Já no final da tarde, depois de correr com o serviço rotineiro e nos intervalos pendurar-se no telefone, conseguiu com um criador alemão um cão semelhante ao que morrera. Era um mês mais velho que o outro, mas não haveria de fazer tanta diferença assim. O preço é que fazia uma enorme diferença! O bicho era vendido em dólares mesmo. Fez o relatório de responsabilidade do transporte, deu entrada na tesouraria e foi buscar o cão no canil. No dia seguinte, o terceiro da chegada da encomenda, já com a gaiola em ordem, documentada e tudo, telefonou à proprietária anunciando que sua encomenda estava liberada.

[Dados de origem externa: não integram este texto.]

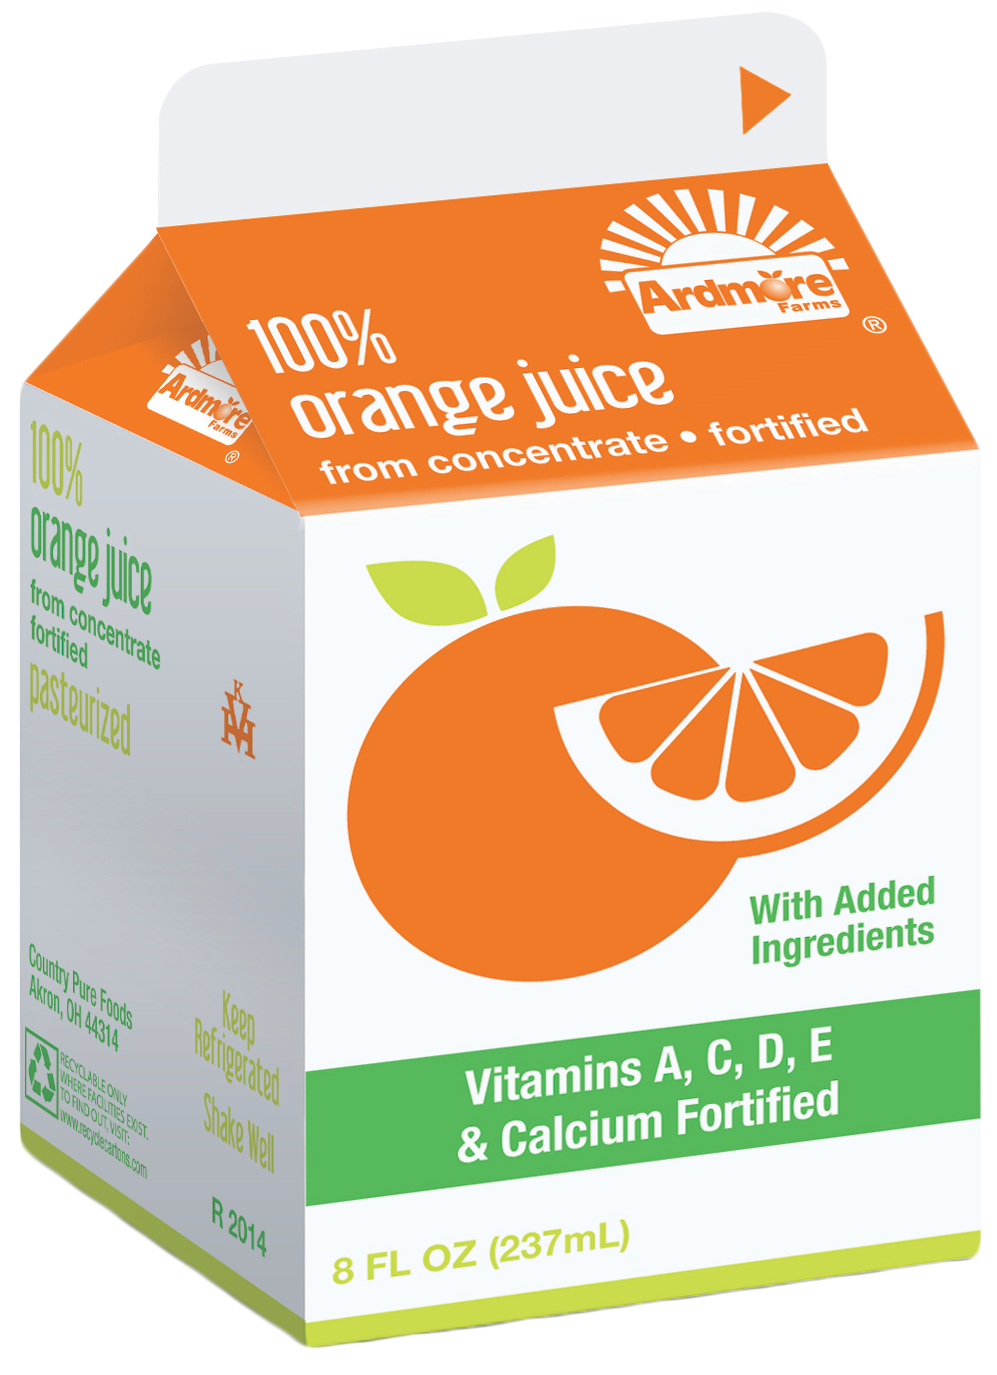 Whole Fruit Orange Premium Juice Cup, 4 Ounce - 96 per case.

Não tardou muito e a dita senhora apareceu toda preocupada para retirar sua encomenda. Quando olhou a gaiola, foi dizendo:
- Essa não é a minha gaiola.
- Minha senhora, disse o funcionário, sua gaiola estava levemente estragada e coloquei em outra bem novinha.
A madame olhou dentro e disse espantada:
- Mas esse bicho não é o meu!
- É sim, madame, apressou-se a afirmar o funcionário.
- Não é, não. O meu cachorro estava morto! Ele morreu na Europa enquanto eu estou aqui de férias e pedi que meus familiares despachassem o corpo para que eu o enterrasse aqui perto de mim, com as honras que ele merece! Eu quero o meu mortinho, não esse vivinho aí!
O funcionário quis morrer! Pediu que a senhora esperasse um pouco.
- Senta aqui um pouco, senhora, vou buscar o seu mortinho.
Saiu em desabalada carreira para ver se ainda encontraria o container do lixo. Já haviam levado!!! Pegou seu carro e dirigiu-se a toda velocidade para o aterro onde era despejado. Não era muito longe do aeroporto. Afinal, encontrou a gaiola com o bicho, já fedendo e a levou de volta.
Entregou-a para a madame, que emocionada chorava o tempo todo, limpando seus olhinhos com pequenino lenço de cambraia... Ainda conseguiu perguntar:
- E este vivinho porque está aqui? É encomenda também?
E o funcionário emocionado, lhe respondeu:
- Não, madame, é um presente da companhia aérea, para compensa-la por sua perda irreparável!
- Nossa! Quanta gentileza! Jamais esquecerei este acontecimento!
E o funcionário, entre aliviado e desnorteado, pensando com seus botões:
- Nem eu!
Este fato aconteceu no aeroporto de Viracopos na cidade de Campinas. Com certeza contém diferença de termos apropriados, mas em essência, é isso aí. Foi contada pelo Caê em 22 de Novembro de 2004.